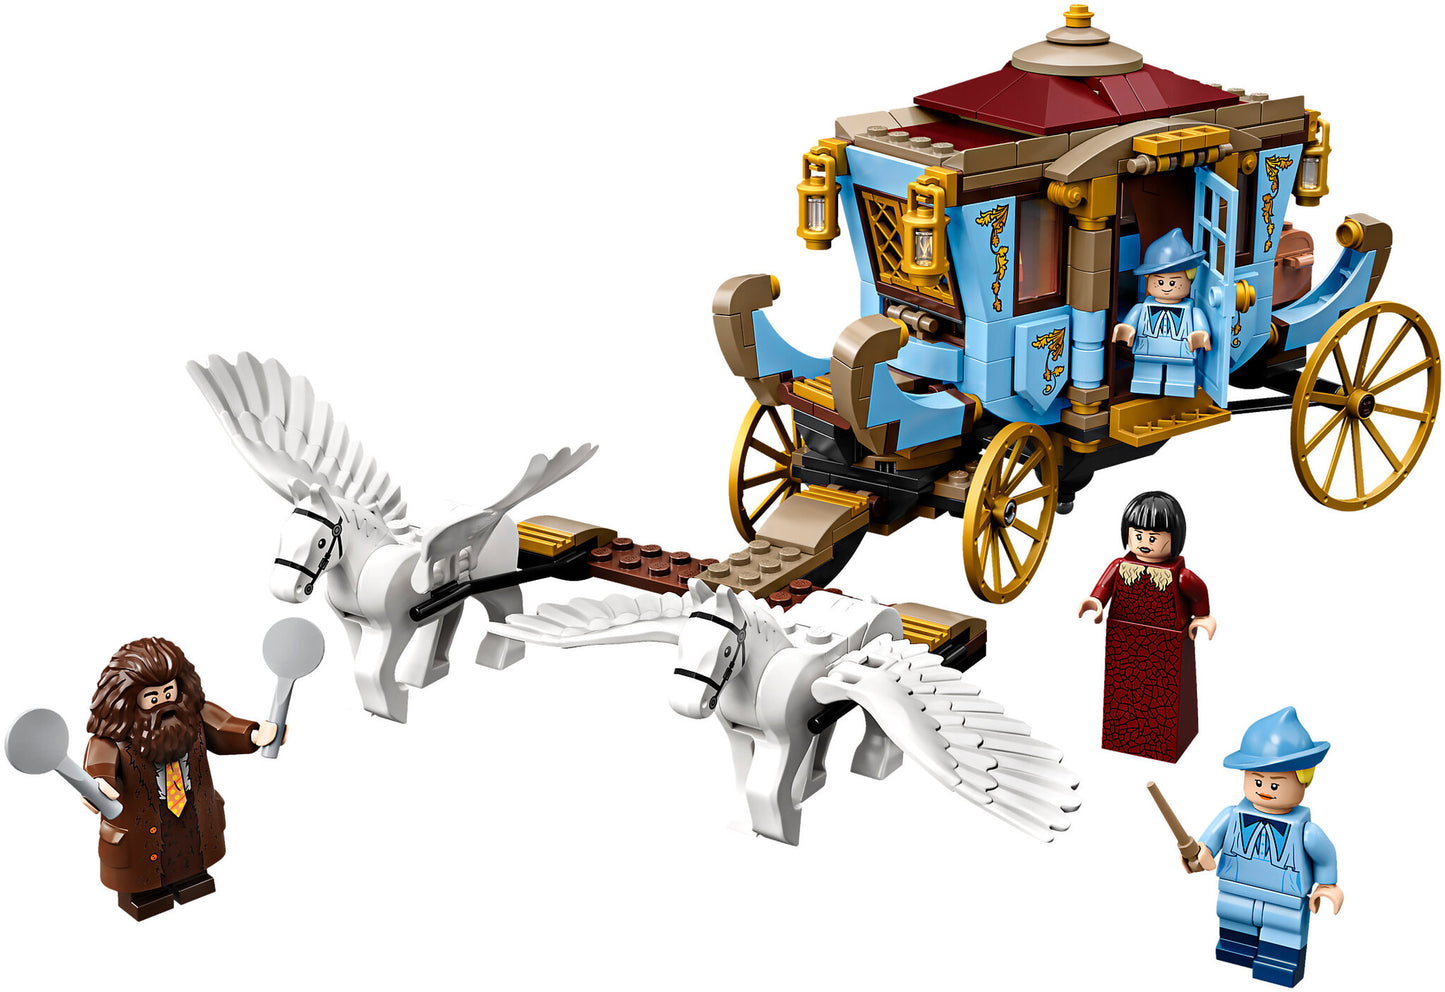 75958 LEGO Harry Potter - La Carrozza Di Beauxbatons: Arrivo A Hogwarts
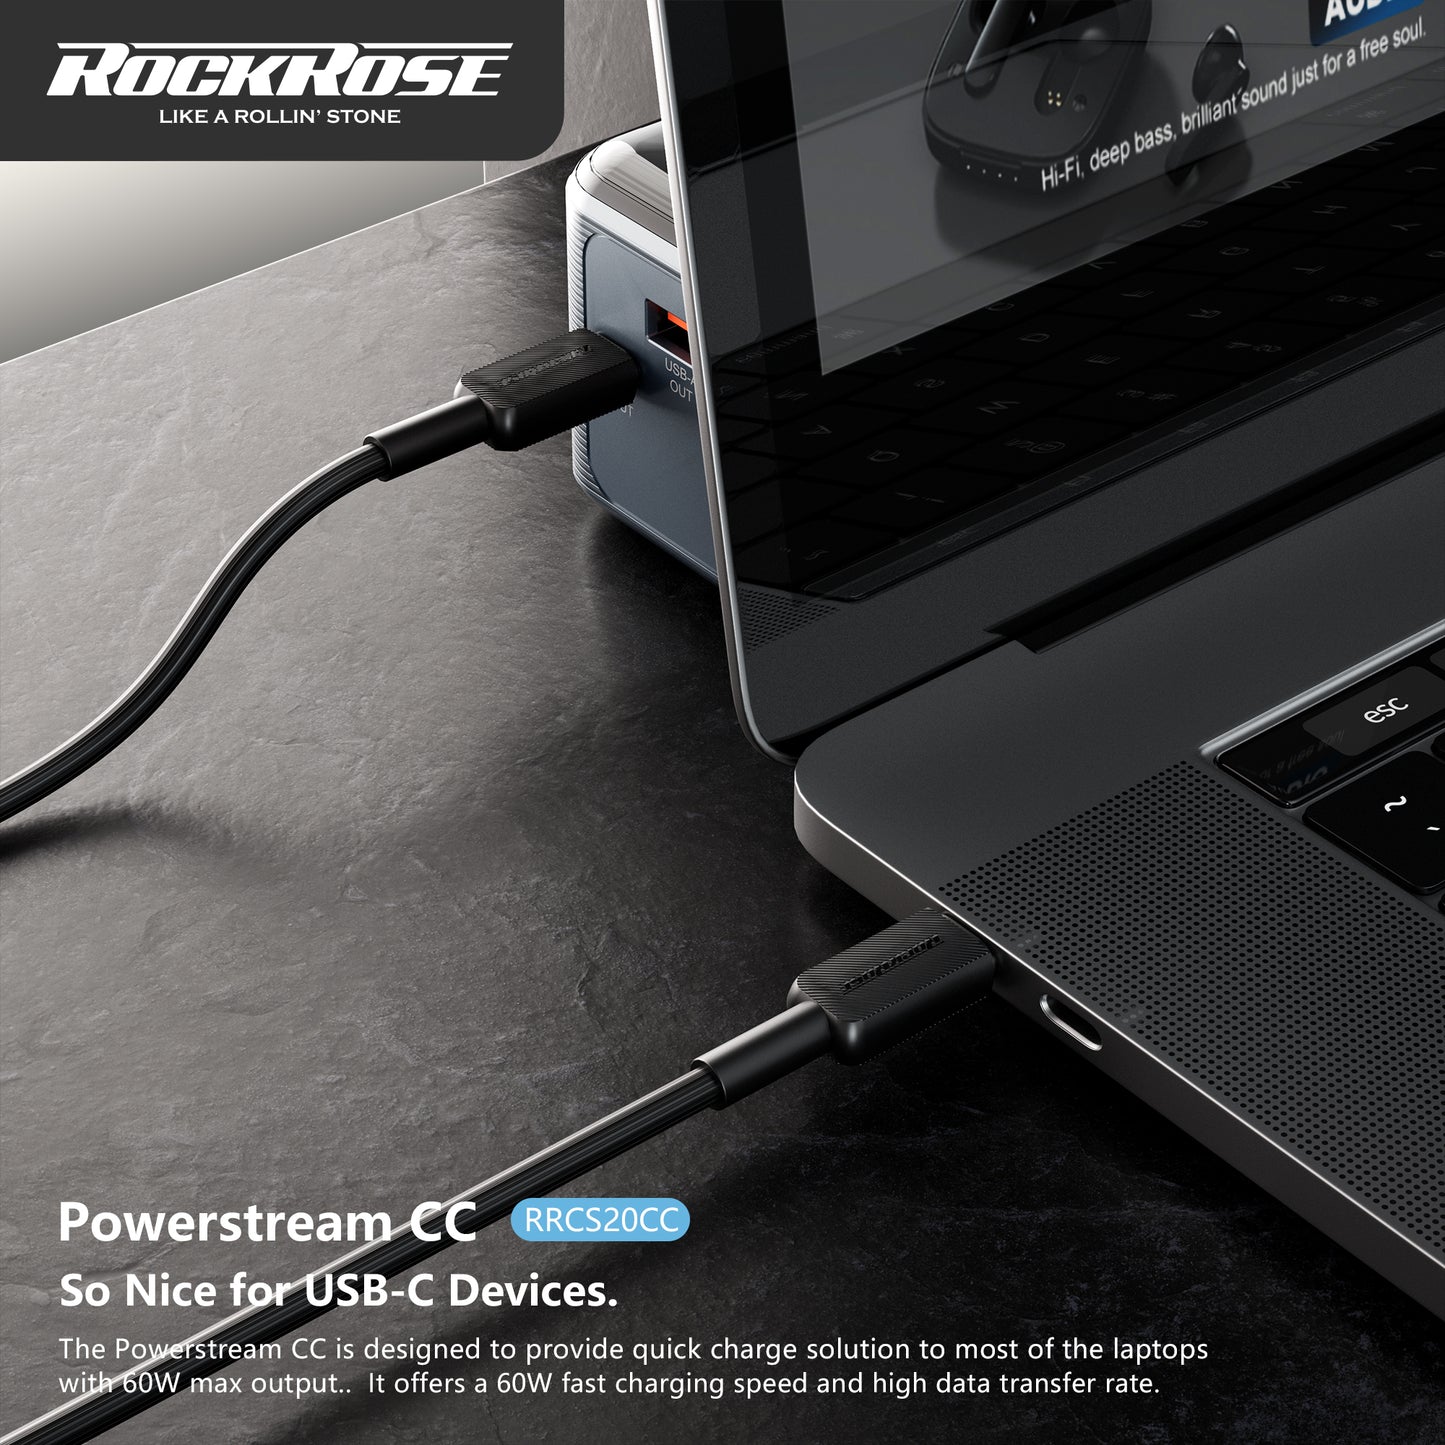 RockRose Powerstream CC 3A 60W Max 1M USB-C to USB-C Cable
—————
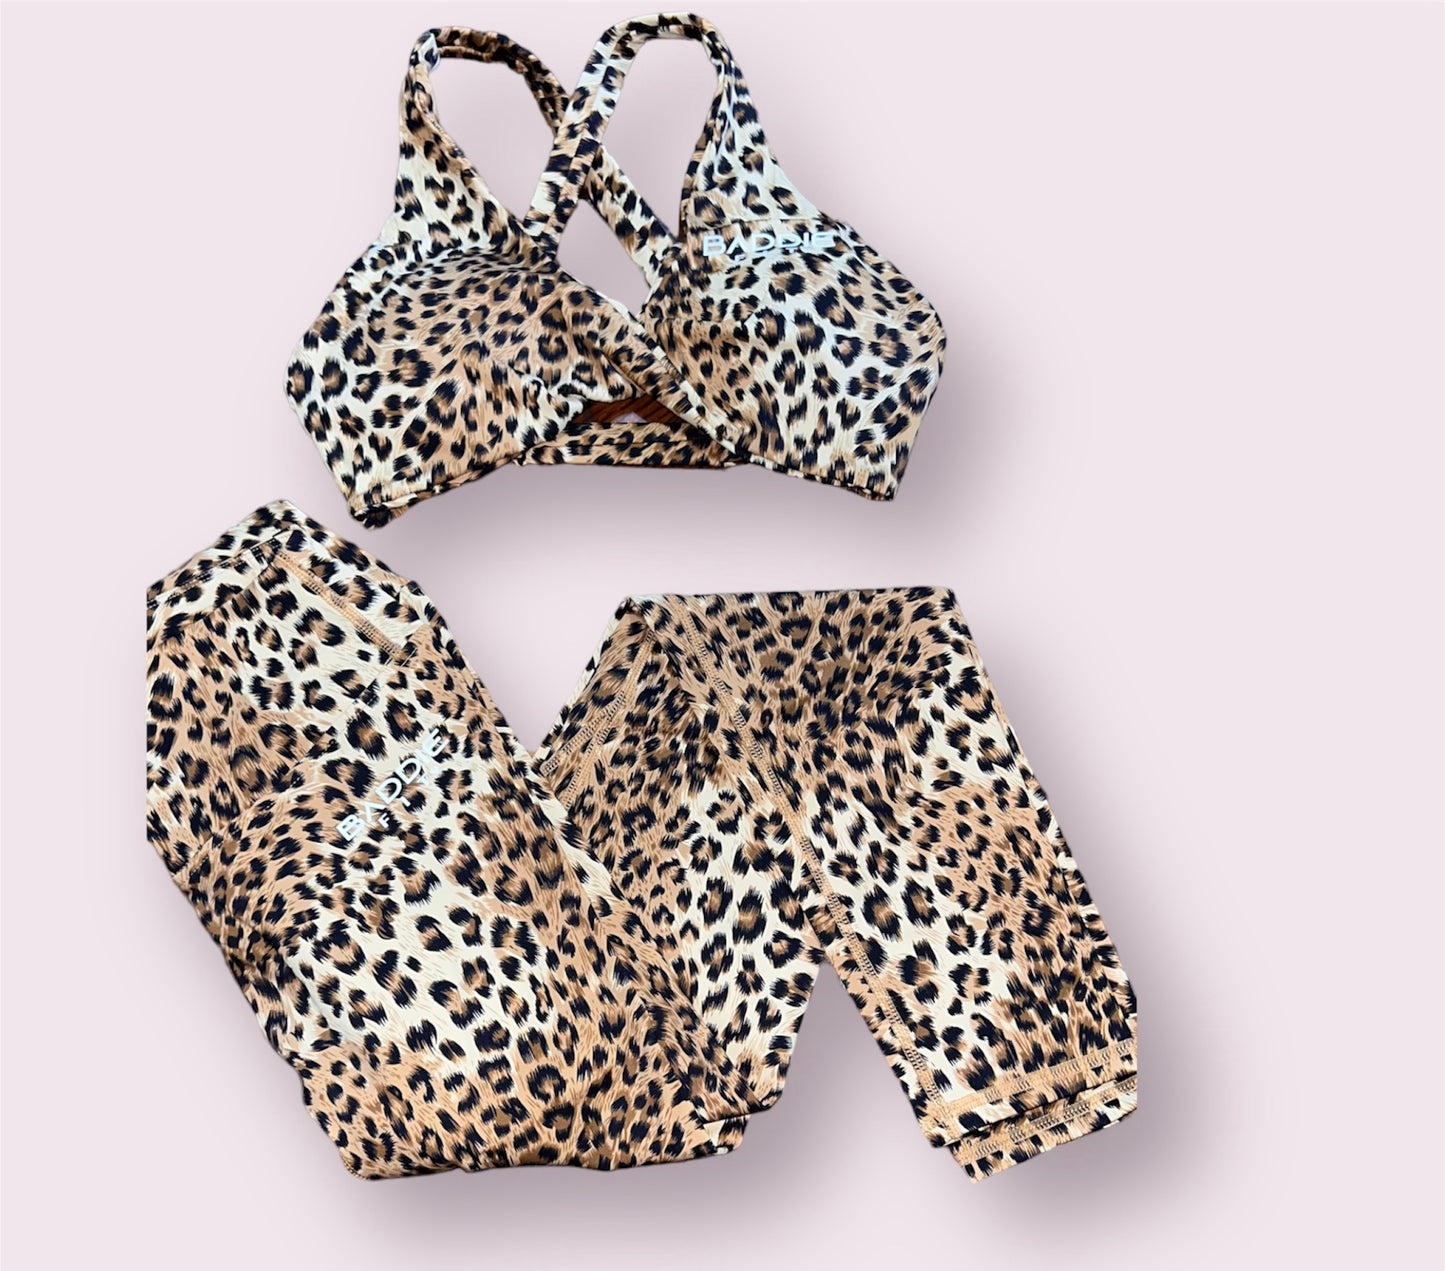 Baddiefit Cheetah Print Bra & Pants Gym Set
—————
Task instructions.
Quote the data above exactly from the line with "75958 LEGO Harry" to the line with "RockRose Powerstream CC", both ends counted, and nothing else. Pictures don't go in.

Answer to the problem.
 75958 LEGO Harry Potter - La Carrozza Di Beauxbatons: Arrivo A Hogwarts
 RockRose Powerstream CC 3A 60W Max 1M USB-C to USB-C Cable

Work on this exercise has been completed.